Seguramente, Cohen piensa solo en los ingresos
económicos y considera que esta cuestión pertenece a los gustos de los individuos
que, insiste, en un régimen verdaderamente socialista, nunca serían del todo
iguales. Unos elegirían trabajar más y otros menos y con sus ingresos, unos
podrían dedicarse a Polibio y otros a esculpirse en el gimnasio. Como el tiempo
no se estira a voluntad y los esfuerzos en un ámbito exigen descuidar otro, al
final uno será más culto y otro más bello, uno preferirá discusiones
intelectuales y otro bailar con la camiseta quitada. Cuando éste se encuentre
entre intelectuales se sentirá un zote, el otro, por el contrario, se sentirá
un adefesio bailando el ritmo de la noche.
Porque la igualdad socialista no supone igualdad
absoluta. Es justo que la gente tenga prestigios desiguales en terrenos distintos
según sus esfuerzos. Sería injusto que el que no estudia nada quisiese enseñar
en la universidad y el que no se esfuerza físicamente tener las mismos éxitos
sexuales Cohen no explica bien esta
cuestión, pero me parece básico recordarla, sobre todo hoy que la gente delira
queriendo serlo todo a la vez. Además de estas desigualdades sectoriales,
resultado de gustos distintos, habría desigualdad de ingresos según el esfuerzo
laboral de cada uno. Otras desigualdades admisibles serían las que resulten de
la suerte.
Ahora bien: si la justicia permite las desigualdades,
un exceso de éstas se encuentra fuera del espíritu del socialismo, según Cohen.
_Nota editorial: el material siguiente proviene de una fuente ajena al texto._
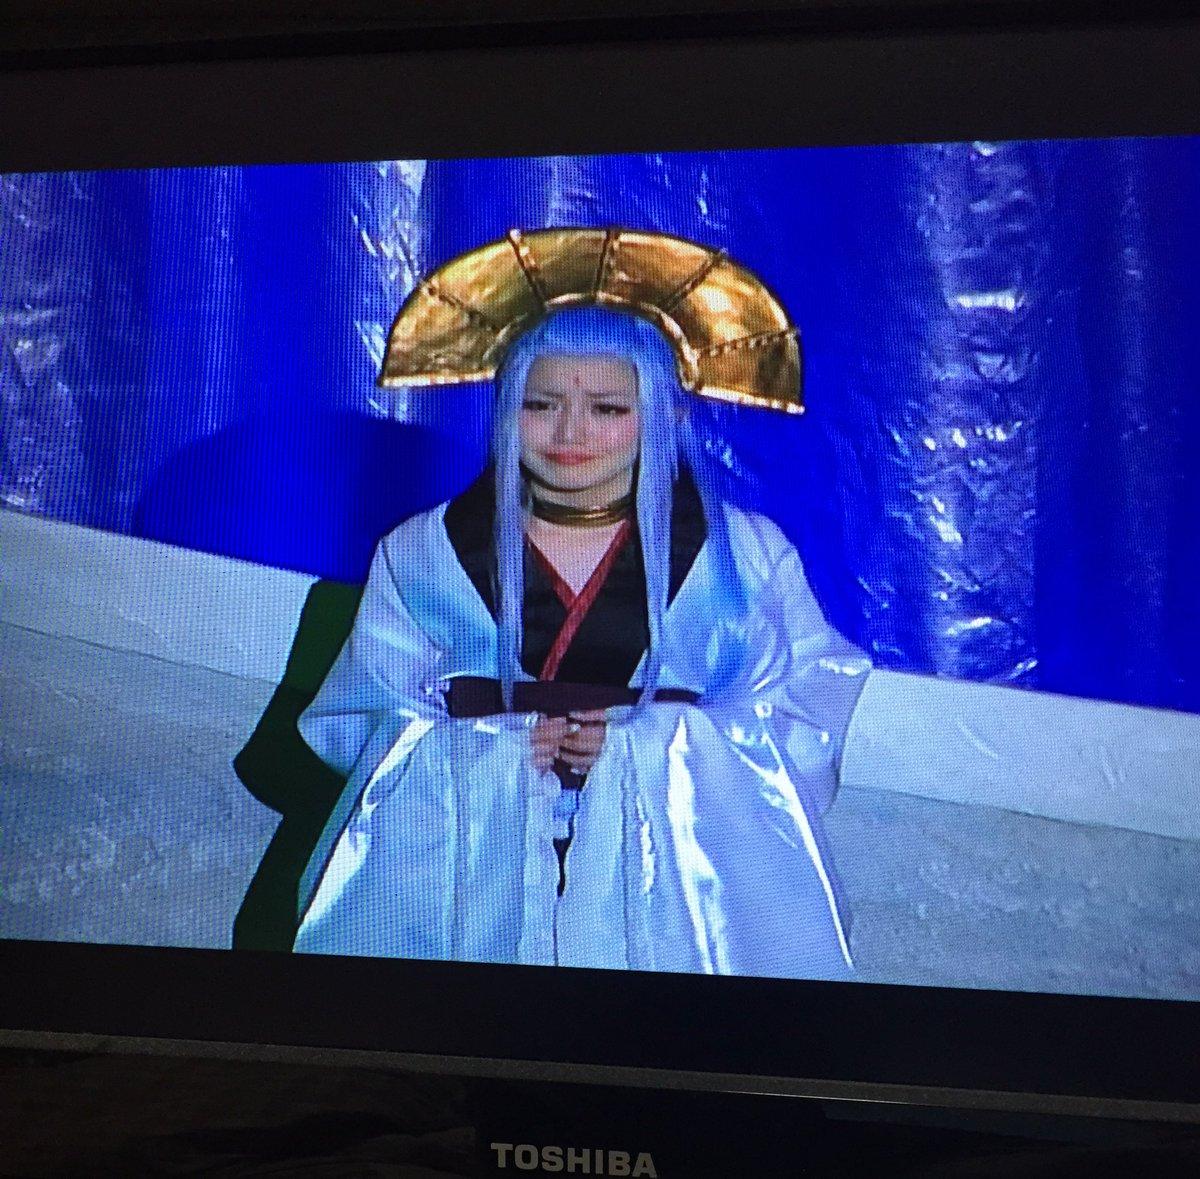 ⚡️鳴神姫♡  この役は可愛くてカッコイイ❗️ ミュージカルだから一人で歌いながら踊るシーンがあって、大変そうだったけど

Frente a ellas, el socialismo exhibe el principio de comunidad. Para poder
vivir juntos debemos vérnoslas con gentes que no sean dioses o bestias, muy
superiores o muy inferiores, recordaba Aristóteles. Cohen resalta lo mismo:
vivir juntos significa cuidar a los demás cuando no pueden lograr ciertas cosas
y, sobre todo, mantener una experiencia común de la vida, no experiencias
sociales que sean absolutamente distintas y que nos haga habitar en universos
tan distintos que sea imposible la vida común. Cohen se refiere a quien, por
suerte, puede ir en coche frente a quien está obligado de ir en autobús: ambos
vivirán la vida de manera distinta, tanto, que serán como miembros de ciudades ajenas.
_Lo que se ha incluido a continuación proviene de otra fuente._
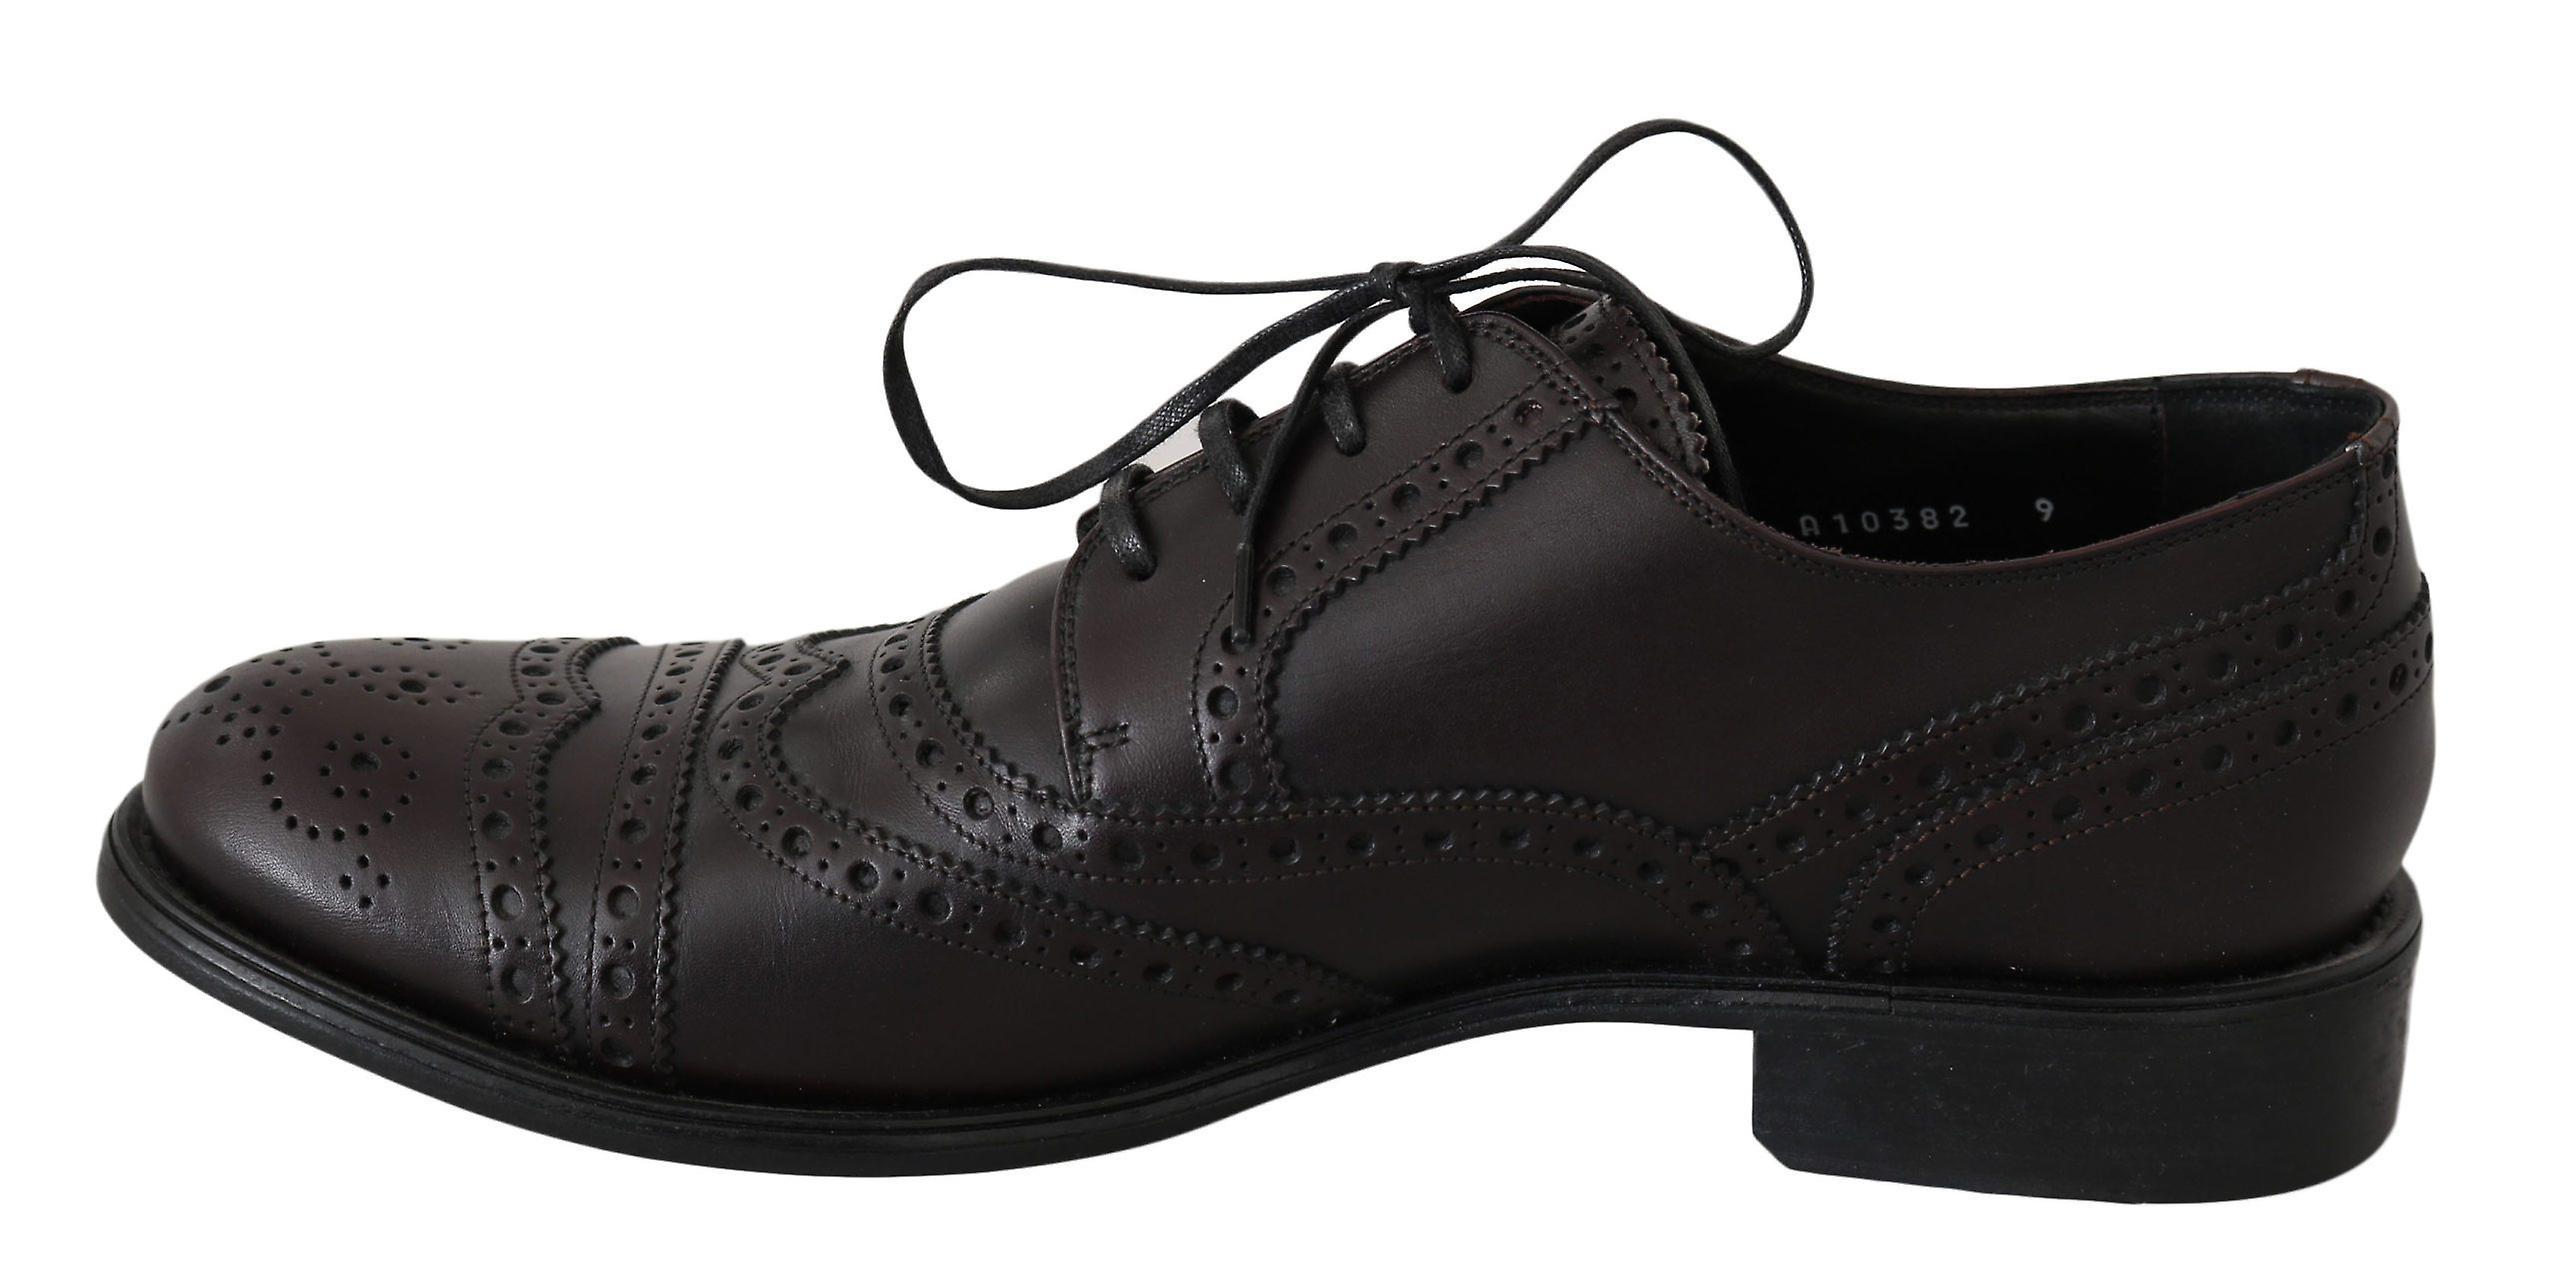 Dolce & Gabbana Bordeaux Leather Wingtip Oxford Brogue Shoes Mv2405-43

El ejemplo de Cohen no está claro y no
se ve que ciertas desigualdades, debidas al azar o la elección en el ocio,
deban ser restringidas para que todos habitemos un mundo común. Un científico
valioso o un artista de vanguardia viven otra vida que no es la nuestra, porque
se encuentran atrapados en su ciencia o en su creación y no veo, uno, que eso
sea rechazable (salvo que erijamos la envidia, un valor extendido pero no menos
repugnante, en principio institucional y les exijamos que no sean tan
excelentes como son), ni, dos, sé cómo podemos acercarnos a ellos. Bourdieu
explicaba que la clave está en exigir mucho a quien quiere ser un intelectual o
un artista (para que el nivel intelectual o artístico no descienda), pero
obligarle también a que lo comunique de forma clara a todo el mundo. Claro, en
la medida de lo posible: en la medida en que lo difícil pueda hacerse fácil
–algo complicado- y en la medida en que el público tenga la actitud necesaria
para recibirlo –el mejor pedagogo fracasa en una clase donde todos chatean y
donde no tiene posibilidad de prohibirlo-. ¿Podríamos considerar que el socialismo
consistiría en recompensar igual al conductor de autobuses y al antropólogo de
elite, es decir, en recordar que la diferencia técnica en los empleos no
conlleva diferenciación social extraordinaria?
Desde el punto de vista económico y de derechos ciudadanos, sí. Más allá, la
defensa de la igualdad sería perversa y habría irritado profundamente a Karl
Marx que nunca fue un igualitarista dogmático.